Sen. Kamala Harris (D-Calif.) has gone further than Warren and Booker, saying of private insurance last month, “Let’s eliminate all of that.” Her aides clarified the next day amid blowback she also supports smaller steps, but that Medicare for all remains her “preference.”
Other possible candidates, like Sens. Sherrod Brown (D-Ohio) and Amy Klobuchar (D-Minn.), are taking a more moderate tack by not supporting the Sanders measure at all, instead pushing an approach that would allow people to buy into Medicare starting at age 55, down from 65.
Supporting Medicare for all “may be a ticket to winning the Democratic presidential nomination, but it could cause them problems in the fall in the general election,” said Brad Bannon, a Democratic strategist. “That’s the balance.”
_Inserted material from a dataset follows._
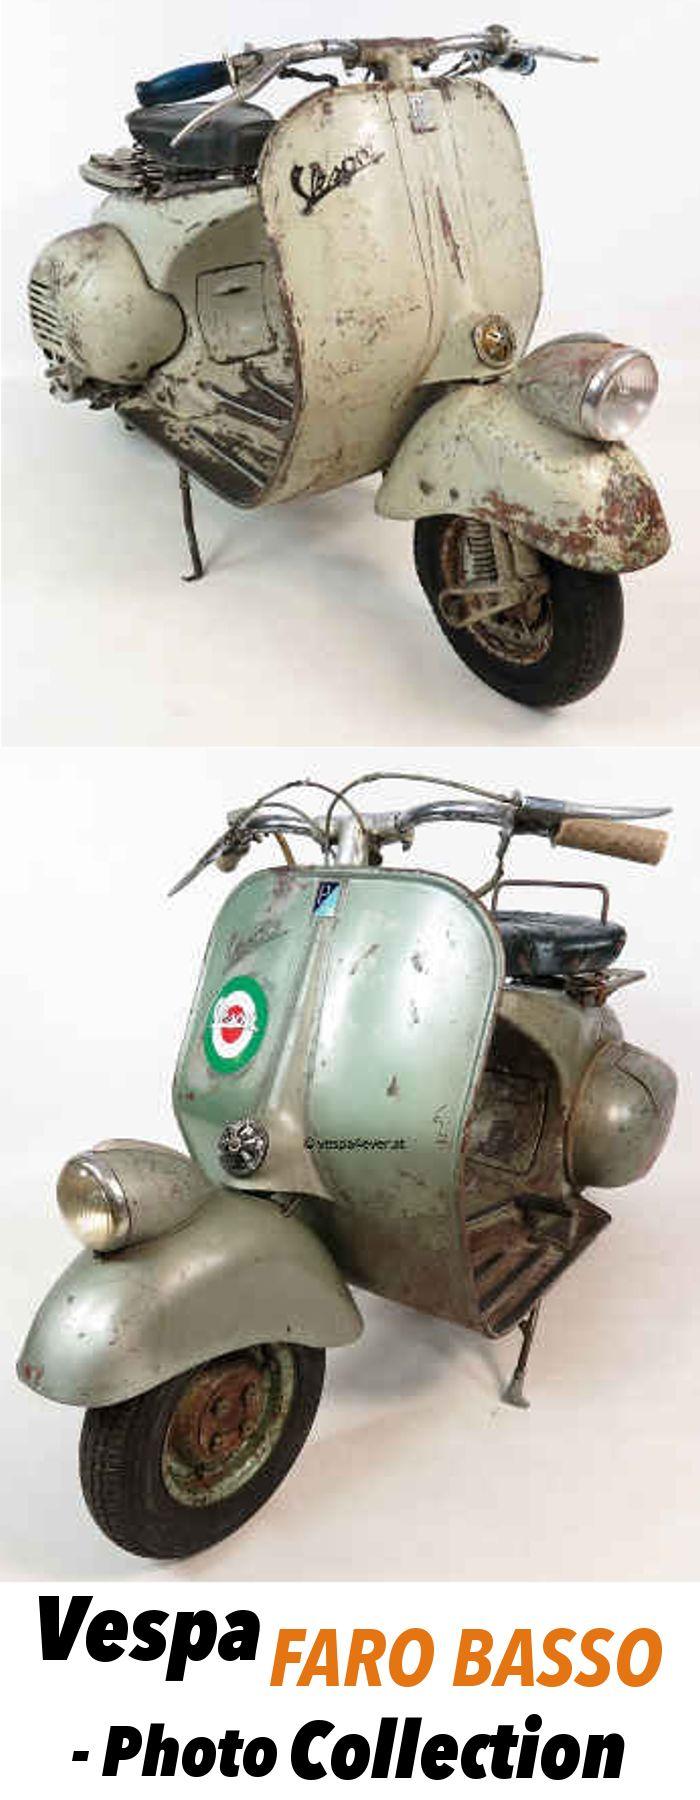 Vespa Faro Basso Vintage Scooters

Republicans are already attacking Democrats over the issue, telegraphing a line of criticism that is likely to continue through the 2020 election cycle.
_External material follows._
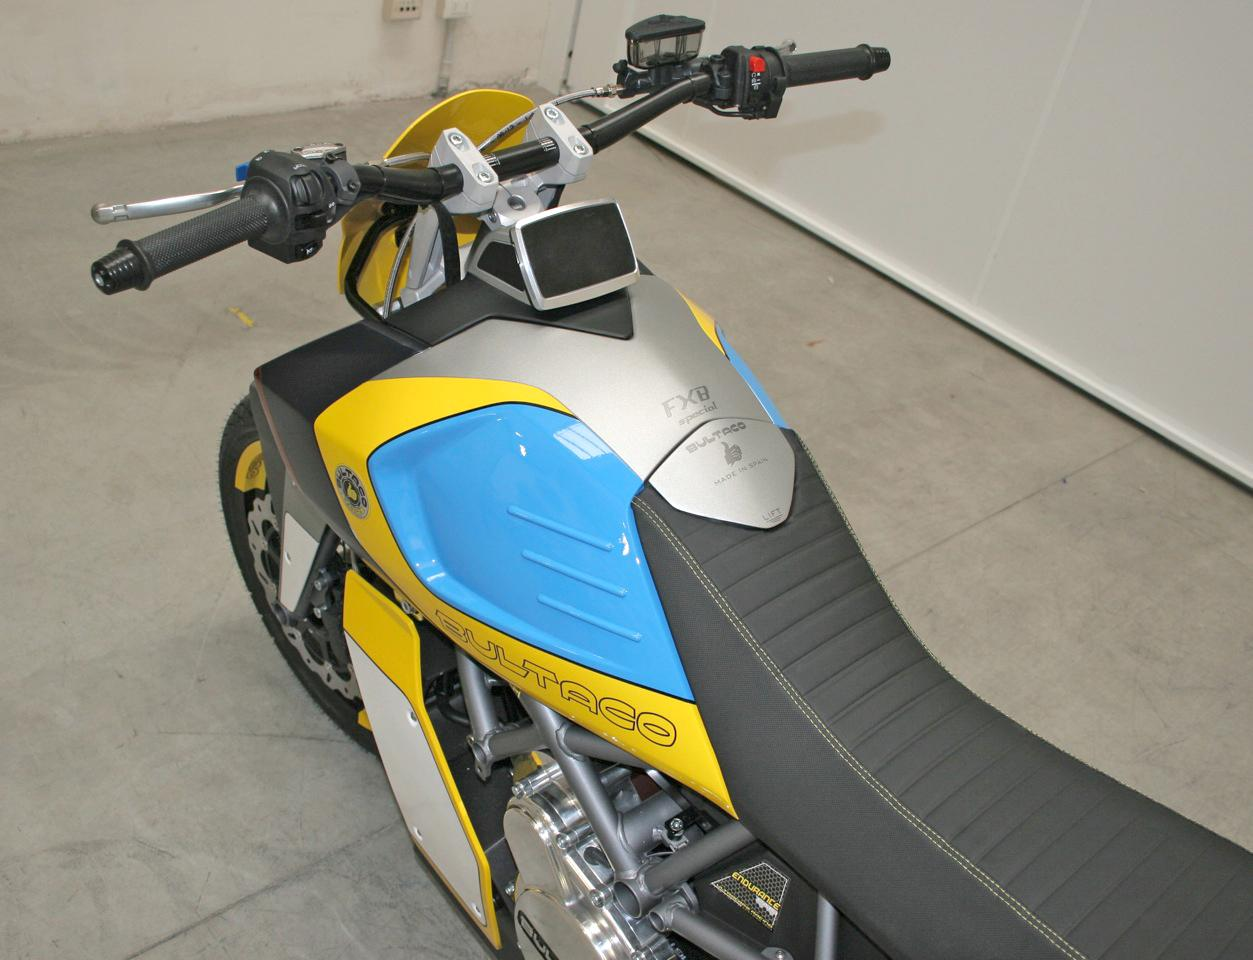 The all-electric Bultaco Rapitan Sport

“Democrats in 2019: If you like your plan, let’s eliminate it,” the Republican National Committee wrote in an email to reporters after Harris’s comments in January.
Sanders has led the charge to bring Medicare for all into the mainstream of the Democratic Party in recent years. But his legislation goes the furthest of the various options, giving government health insurance to everyone and eliminating the private coverage that millions of middle-class people receive through their employers.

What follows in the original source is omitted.